◆ AIM OF THE EXERCISE
A partial copy is required: transcribe exactly the lines from the one containing "The Sweetest Story" through the last line below, without any pictures.
==== MATERIAL PROVIDED
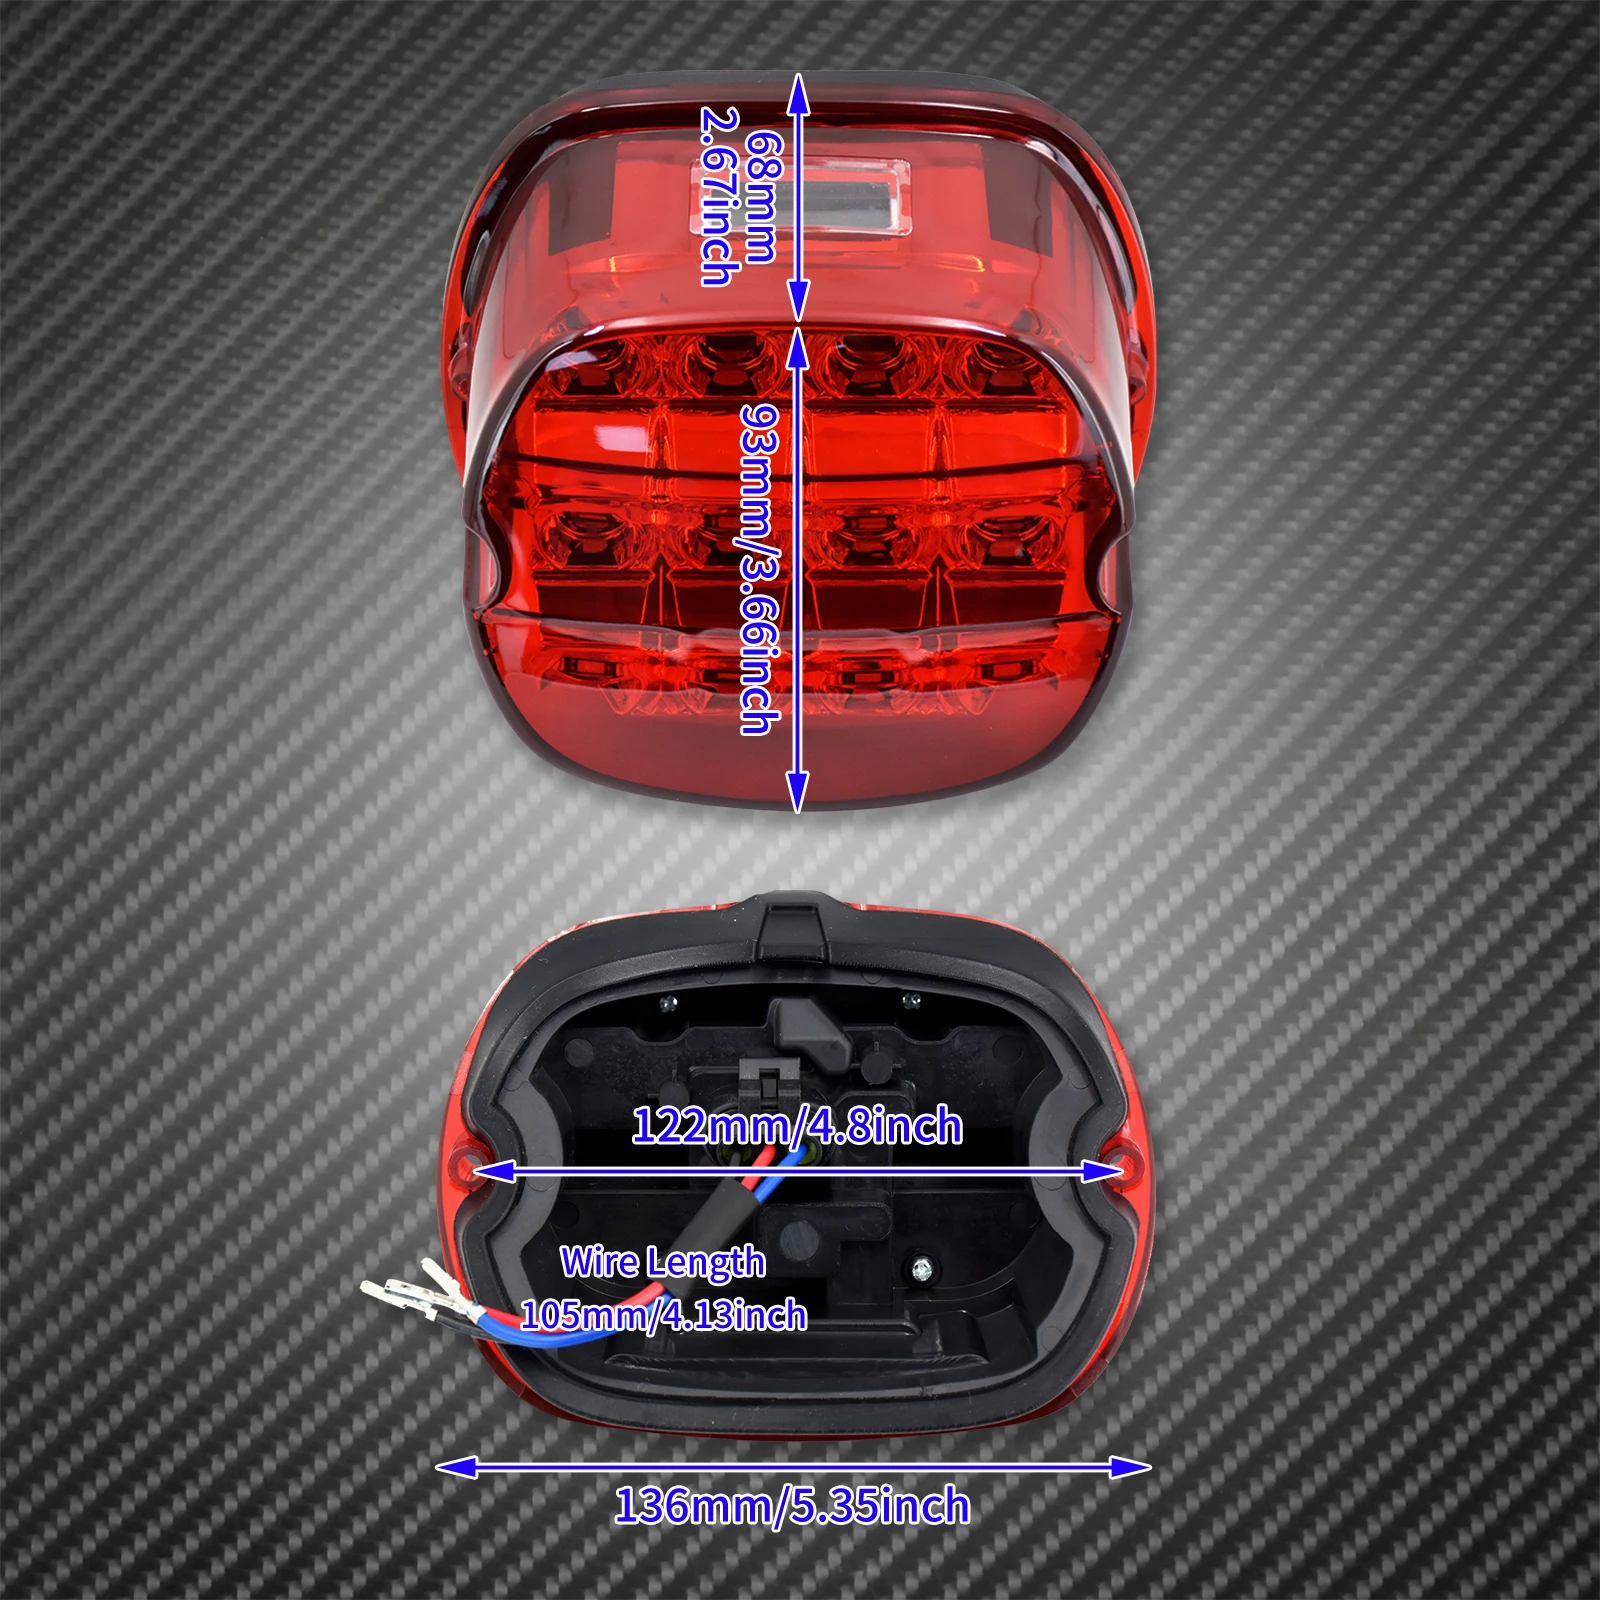 LED Brake Tail Light For Harley Dyna Fat Boy FLSTF Night Train FXSTB Softail Sportster Road King Electra Glide Road Glide images - 6
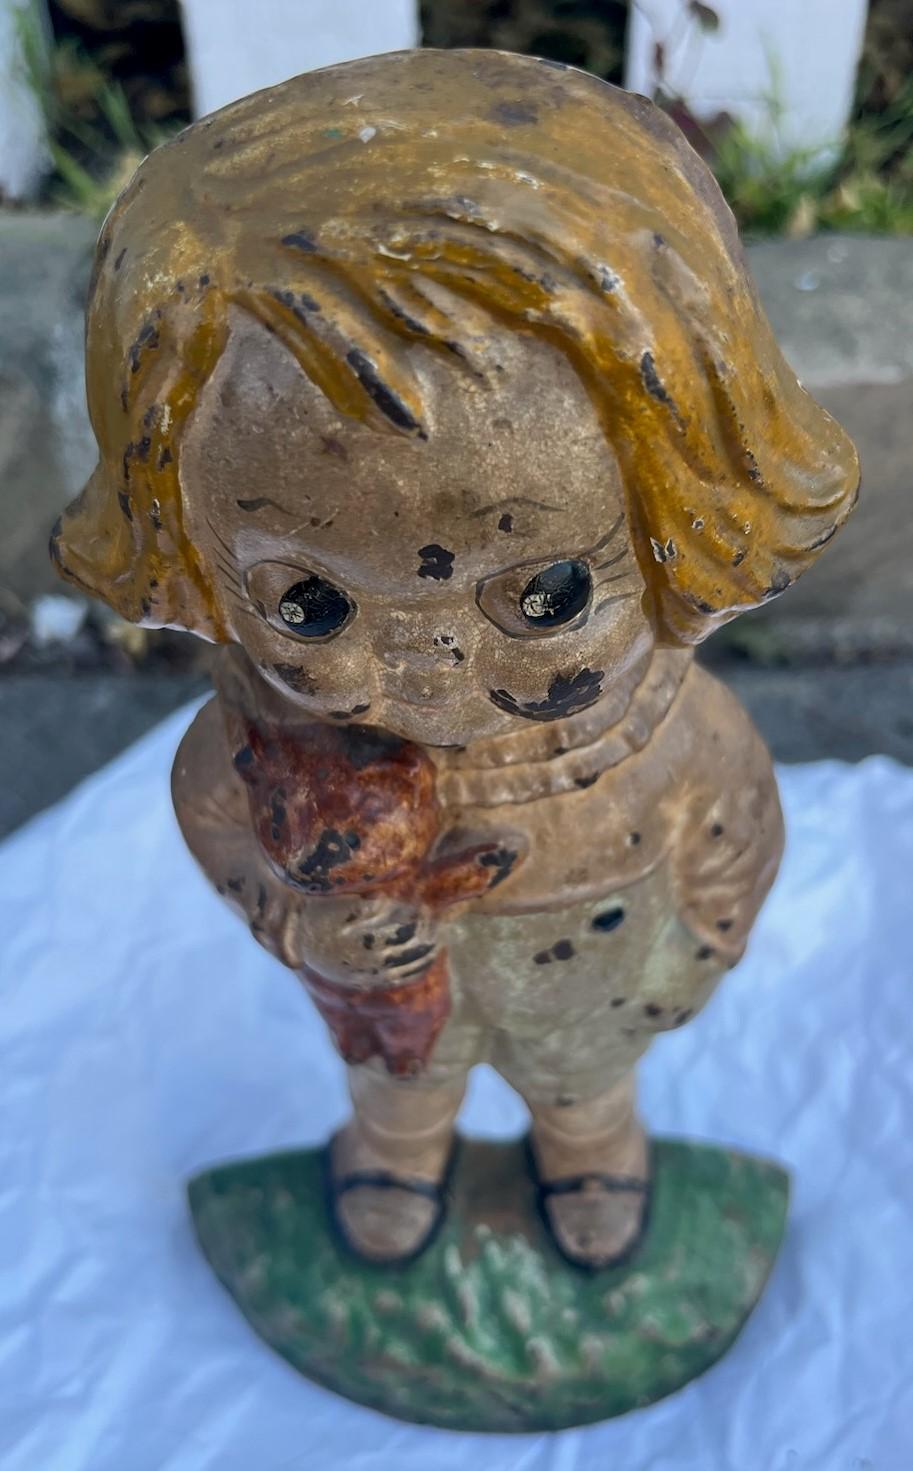 This fun and folky Kewpie girl cast iron doorstop is quite rare and in original painted surface.Notice she is holding a teddy bear.So amazing to find one like this in undisturbed surface.
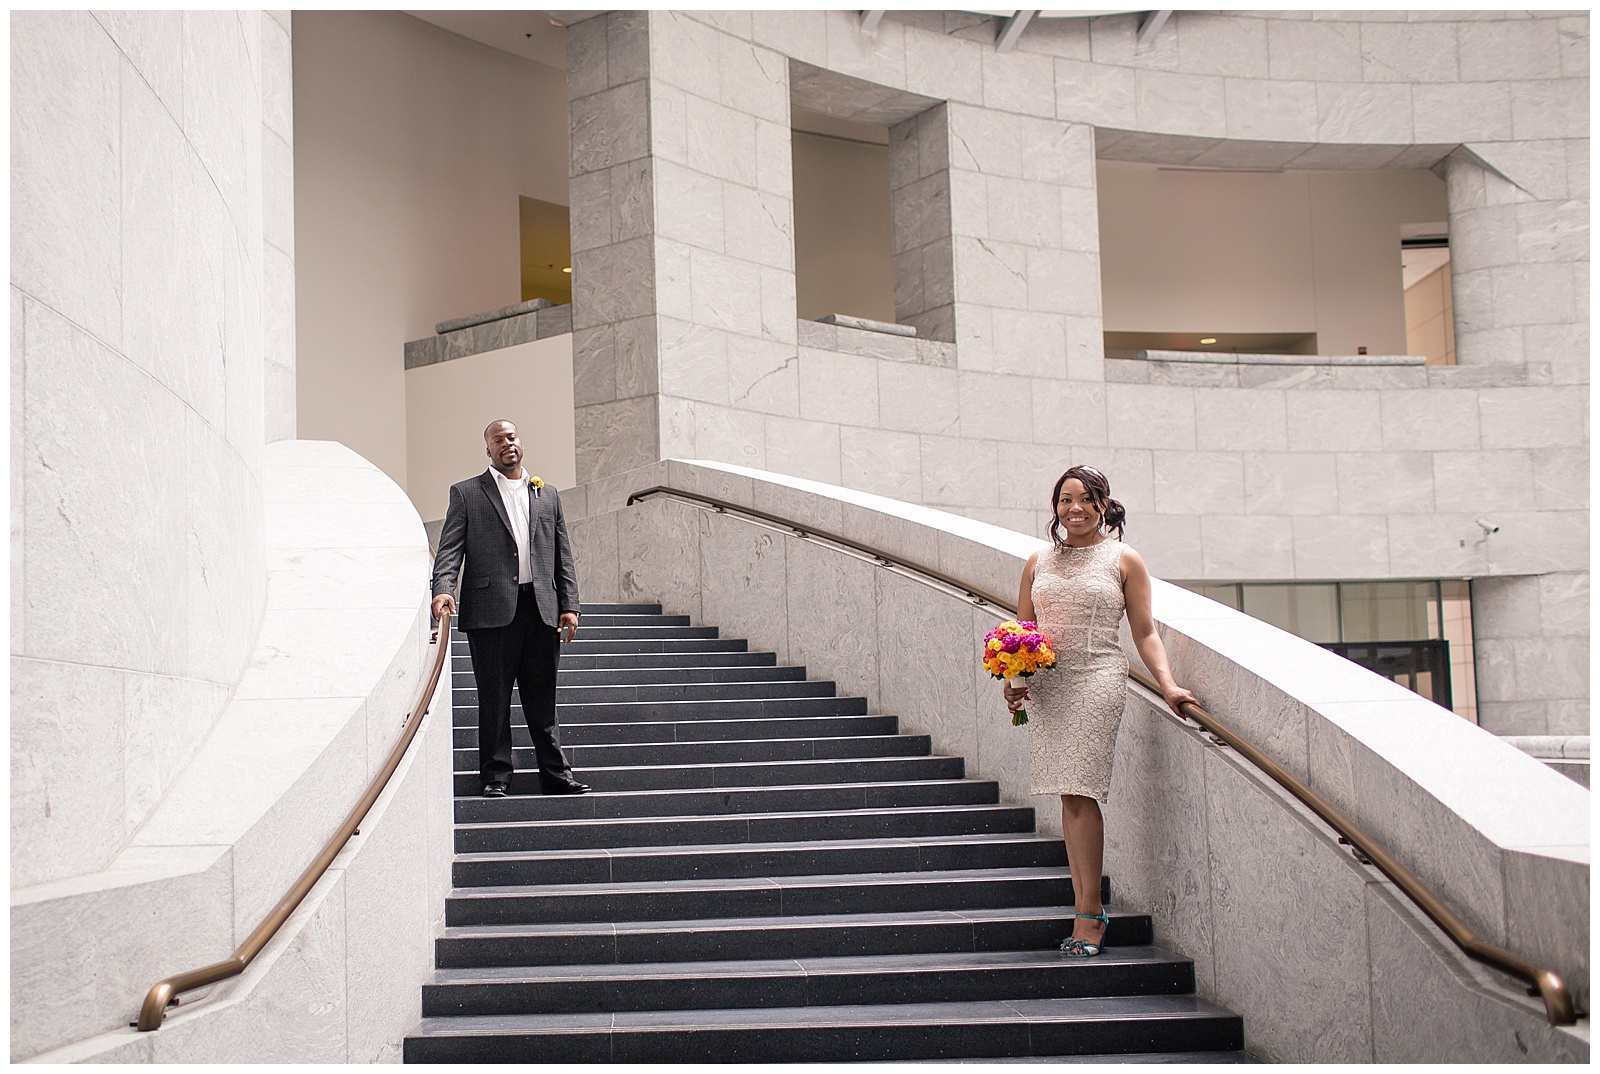 Elopement photography at the Charles Evans Whittaker United States Courthouse in Kansas City.
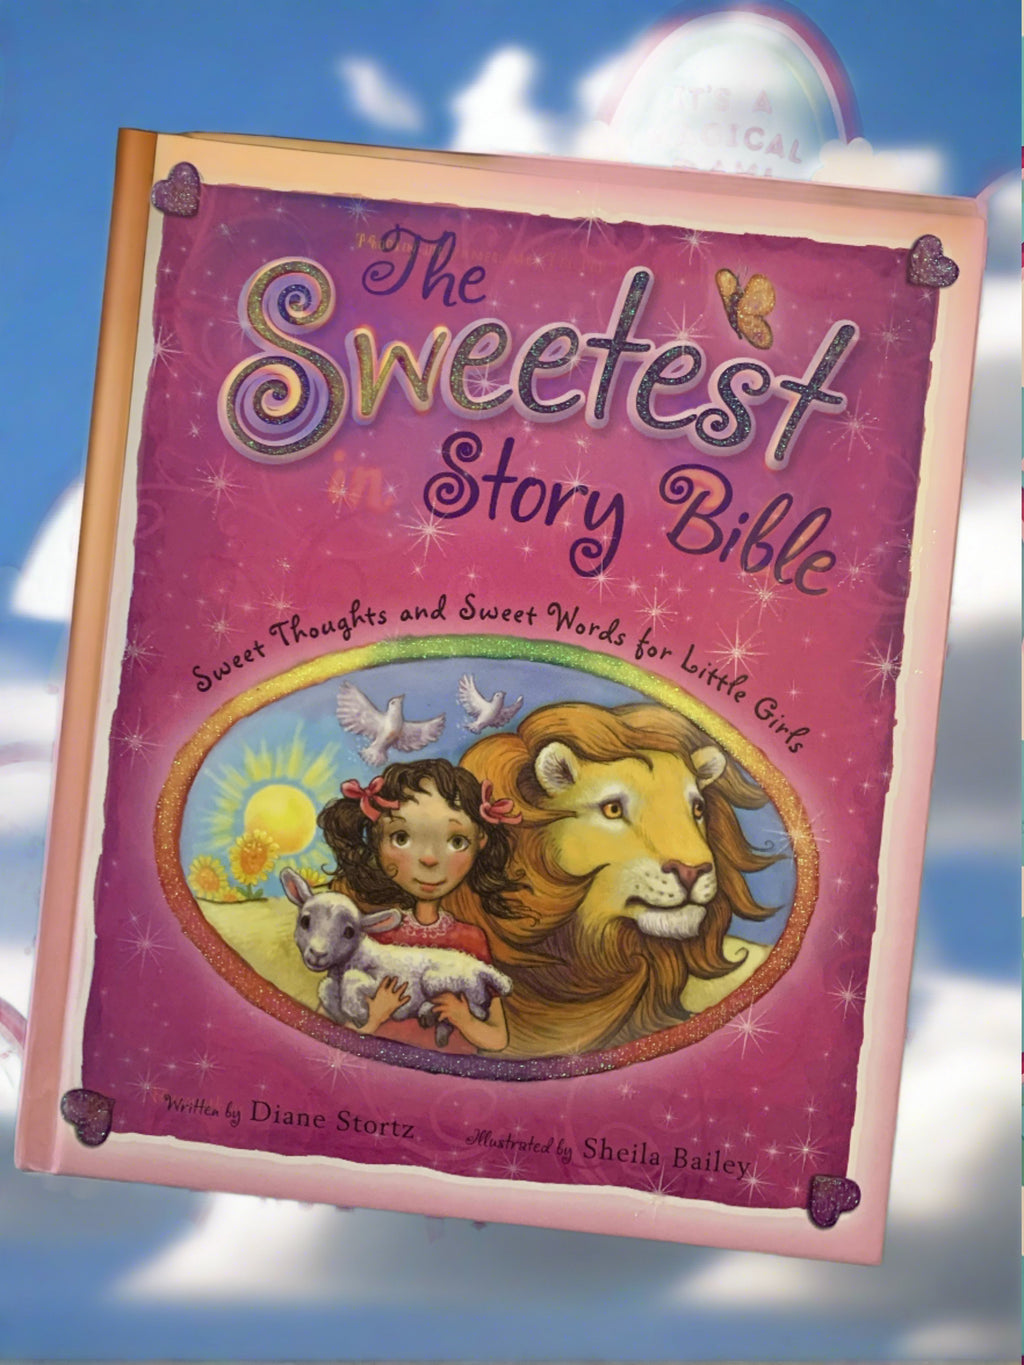 The Sweetest Story Bible: Sweet Thoughts and Sweet Words for Little Girls- By Diane Storz
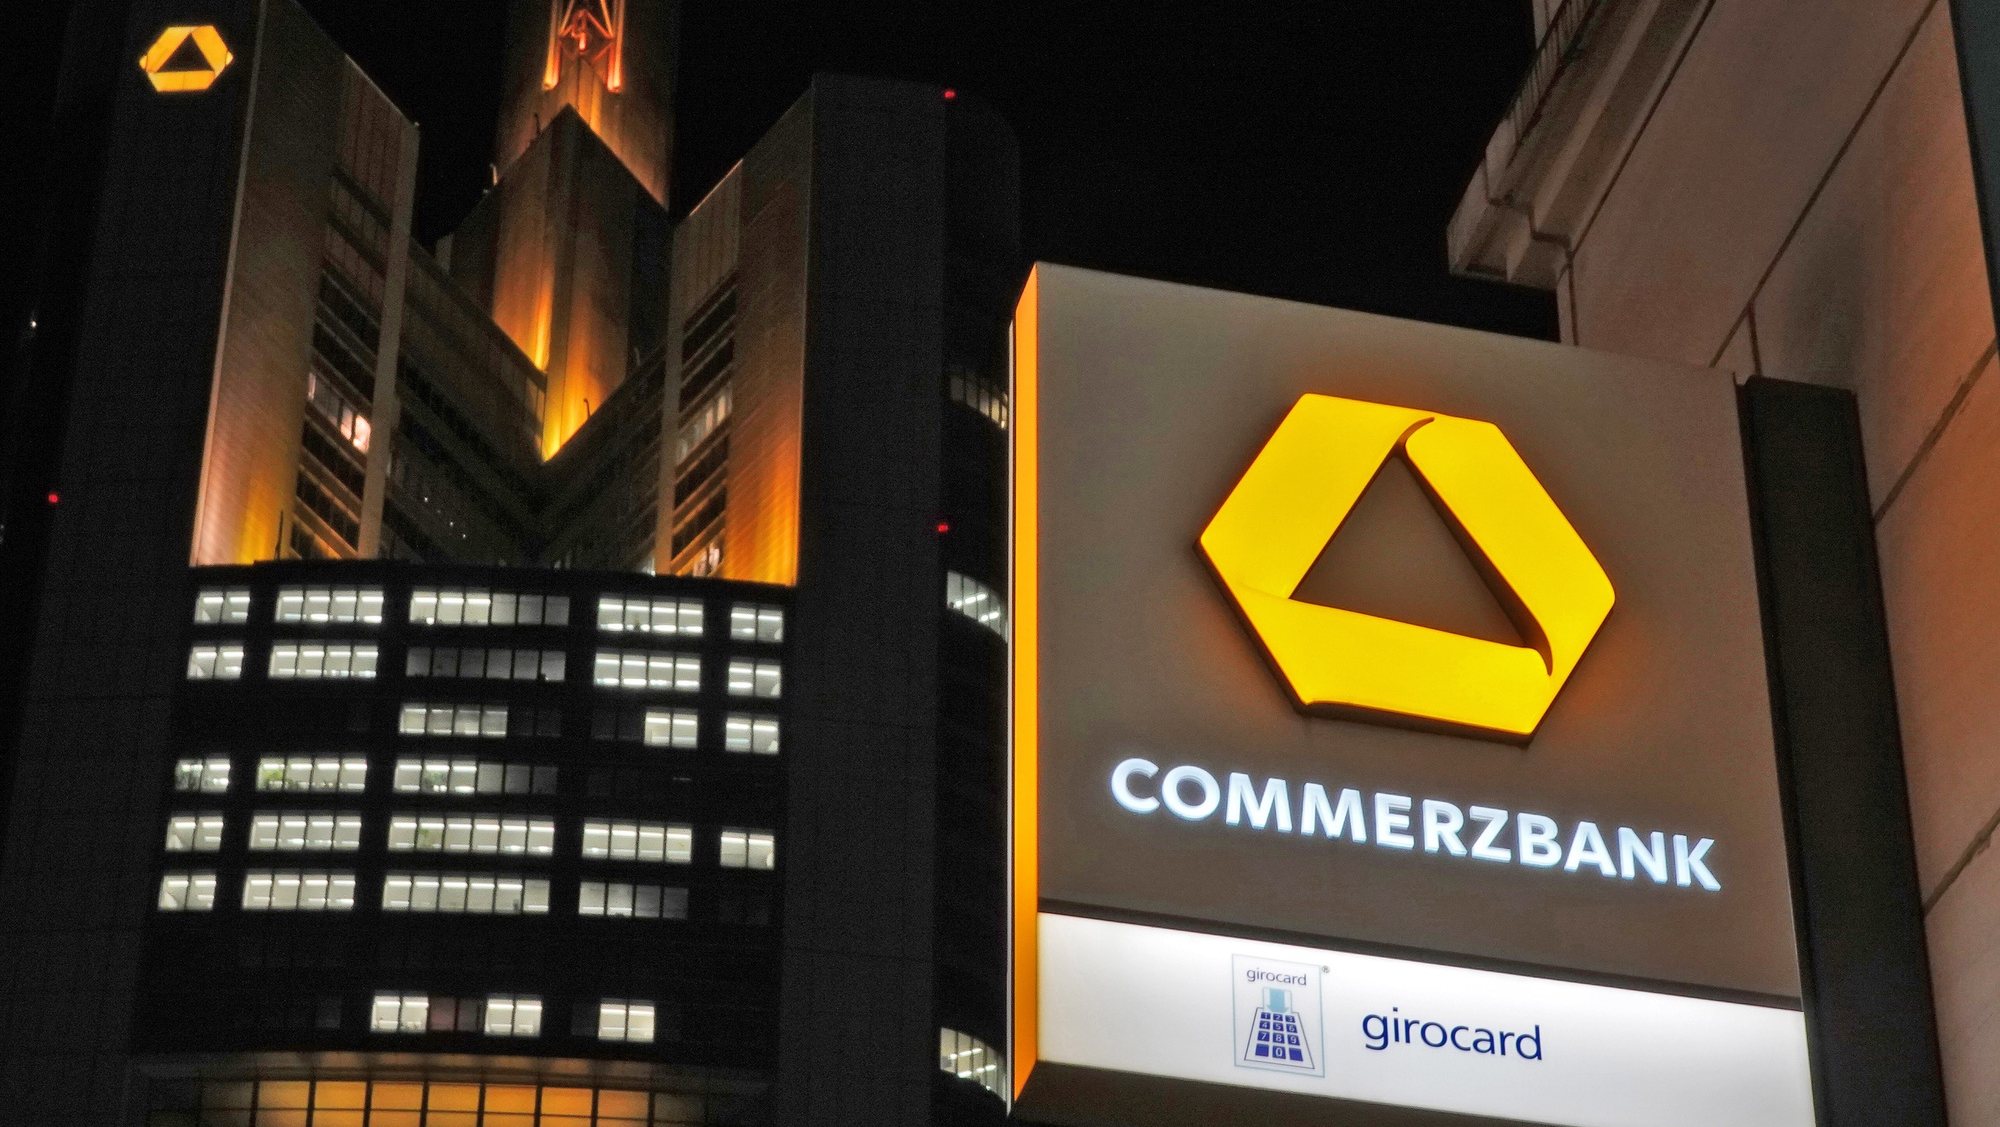 epa08798067 (FILE) - An image showing Commerzbank office tower seen behind a Commerzbank signage at a local branch in Frankfurt, Germany, late 16 January 2020 (reissued 04 November 2020). Commerzbank is to publish their 3rd quarter 2020 results on 05 November 2020.  EPA/MAURITZ ANTIN *** Local Caption *** 55784107
========
◆ RESPONSE AREA
 The Sweetest Story Bible: Sweet Thoughts and Sweet Words for Little Girls- By Diane Storz
 epa08798067 (FILE) - An image showing Commerzbank office tower seen behind a Commerzbank signage at a local branch in Frankfurt, Germany, late 16 January 2020 (reissued 04 November 2020). Commerzbank is to publish their 3rd quarter 2020 results on 05 November 2020.  EPA/MAURITZ ANTIN *** Local Caption *** 55784107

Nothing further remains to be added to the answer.